Anything could happen. Since 2000, the internet bubble has burst rapidly, and major search engines have either been acquired or failed to go public, and all search engine companies that use popularity quality method have not been spared. So, where is the way out for search engines?
The third law, the law of self-confidence
The mass quality law also solves a technical problem. However, since its birth, search engine has never been a purely technical phenomenon, which combines many factors such as technology, culture and market. To solve the survival and development problems of search engine companies, we need the third law of search engines-the law of self-confidence.
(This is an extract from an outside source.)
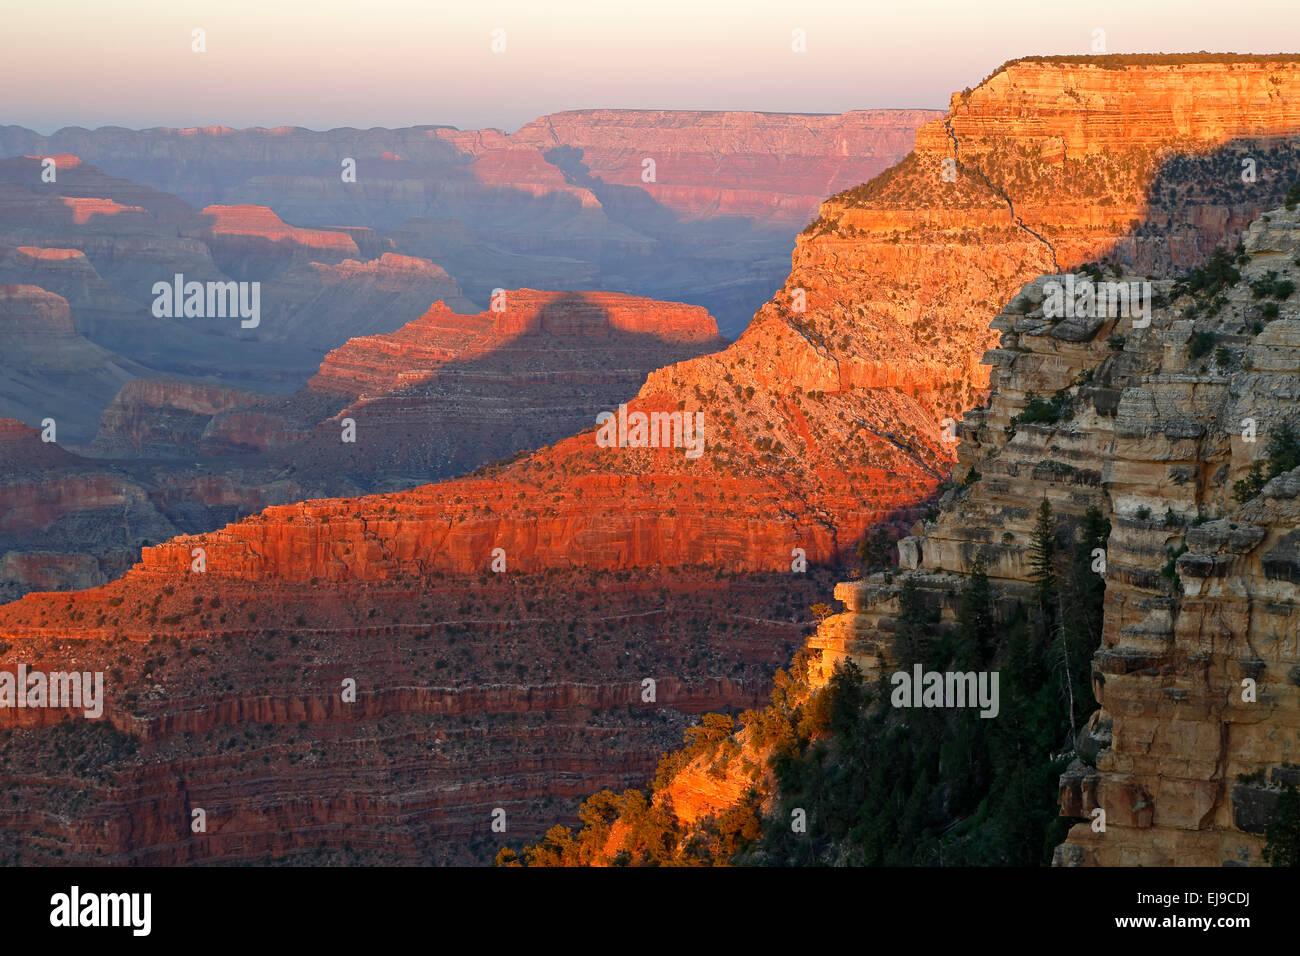 Canyon rock formations from near Yavapai Point, Grand Canyon National Park, Arizona USA - Stock Image
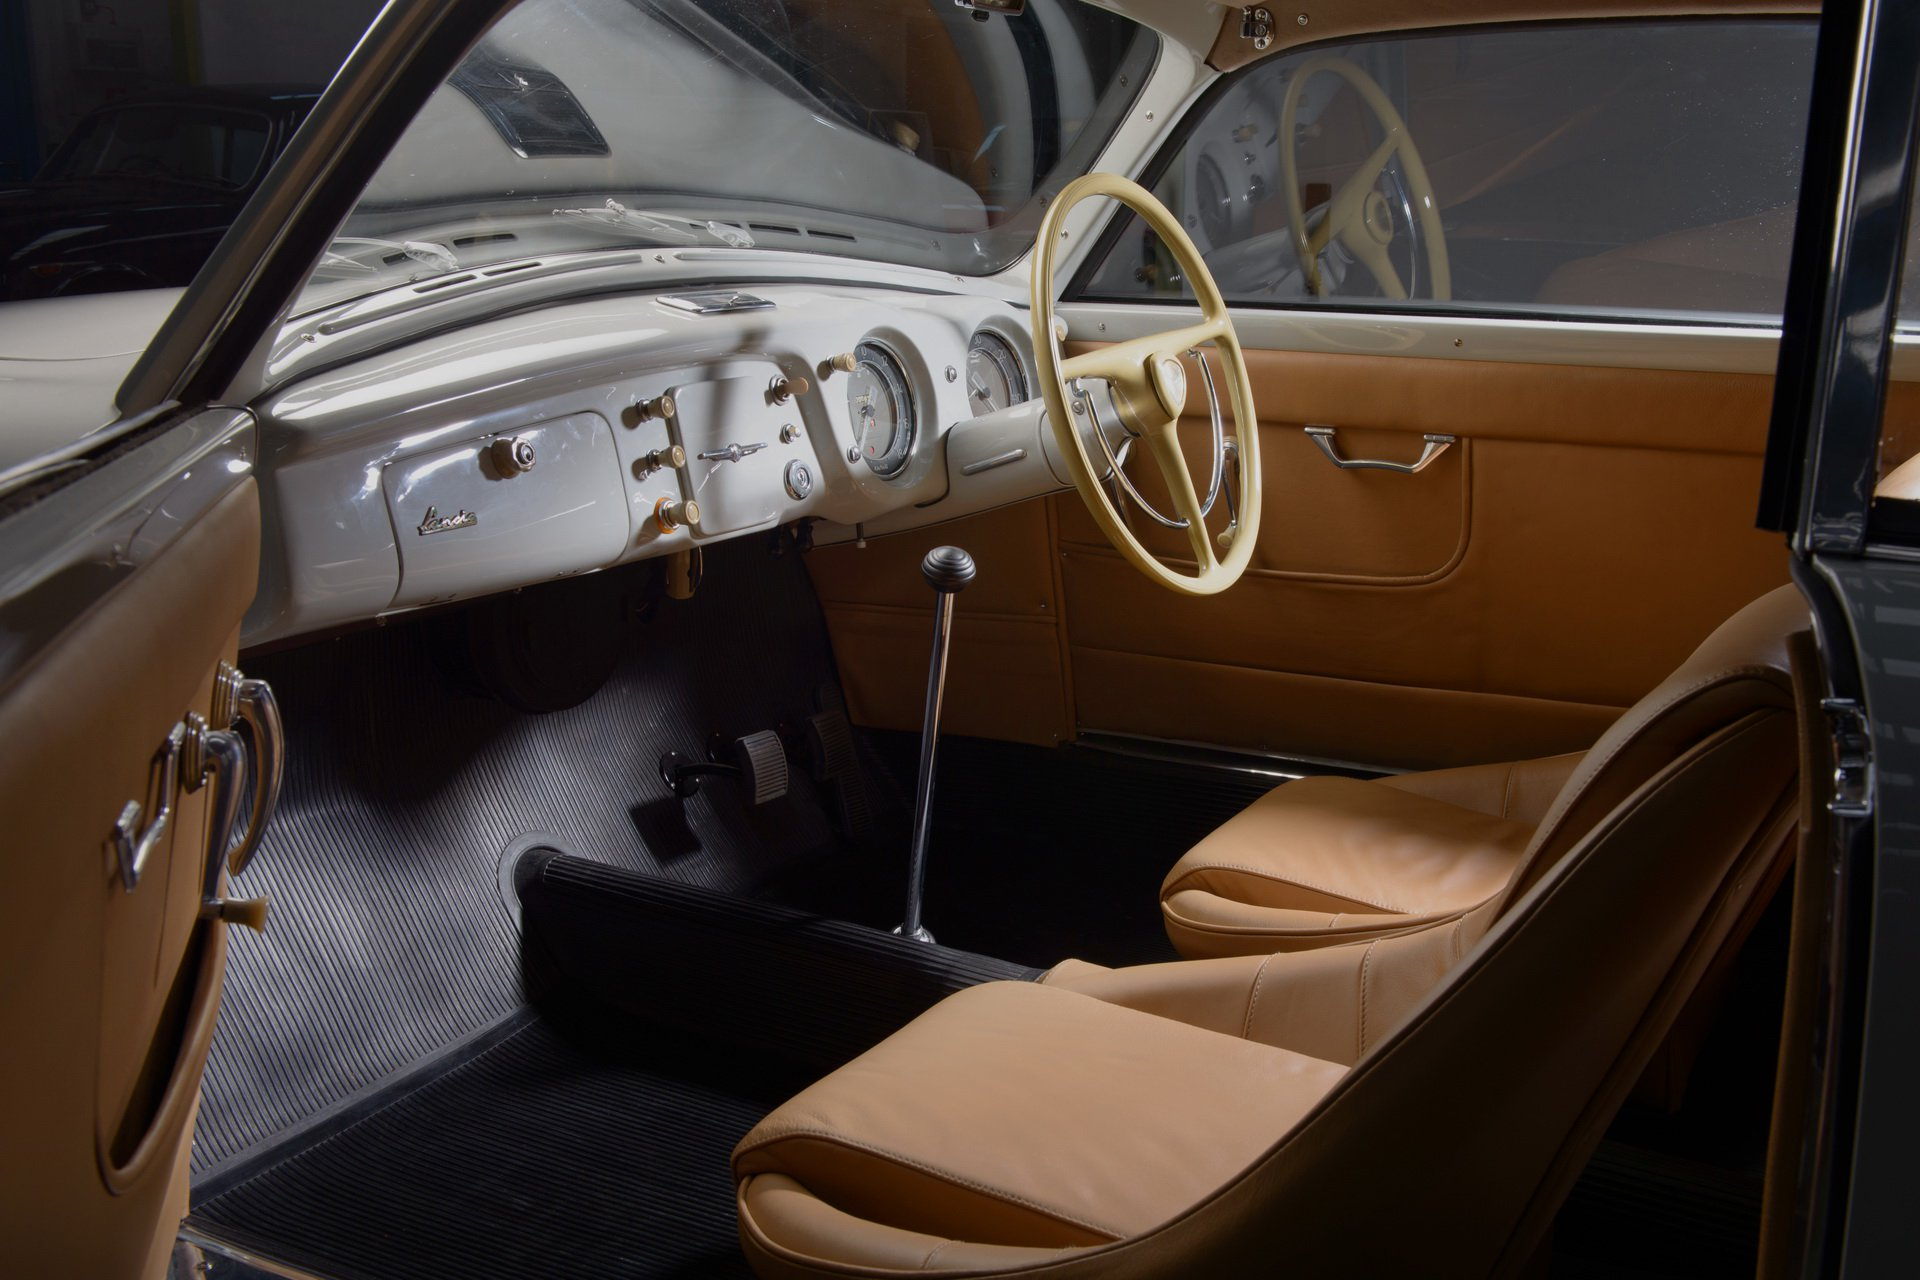 Lancia-Aurelia-B20-GT-restored-14

1998, not many people took a newly established company named GoTo.com (now renamed Overture) 500 miles from Silicon Valley seriously. It just buys the technical service of a search engine, and then auctions their websites' ranking in GoTo search results to the owners of those websites. Whoever pays more ranks first, and the payment is calculated according to the situation of netizens clicking on the website. It only appears in the search results without paying. This is the earliest practitioner of the law of confidence! According to this rule, besides word frequency statistics and hyperlink analysis, the relevance ranking of search results pays more attention to auction. Whoever has confidence in his website will rank first. The sign of self-confidence is willingness to pay for this ranking. It should be declared that the law of self-confidence is also my own name for this model, and no one has summarized it in the previous literature.
Today, when the Internet industry is in recession and Nasdaq is in full swing, GoTo is in full swing, with a market value of 654.38+03 billion dollars and revenue of 35% of Yahoo's total revenue. On the other hand, which portal can get one-third of the total revenue from their search engine services? The reason is that Goto first practiced the self-confidence rule of search engines. In the past, search engines relied on CPM to charge fees, while CPM borrowed from the traditional advertising industry, without considering the characteristics of online media such as immediacy, interactivity and easy bidding. However, bidding ranking and pay-per-click directly provide sales leads for website owners, rather than advertisements in the traditional sense. The law of self-confidence has changed the embarrassing situation that search engines used to rely on CPM to collect money, and created a charging model that truly belongs to the Internet.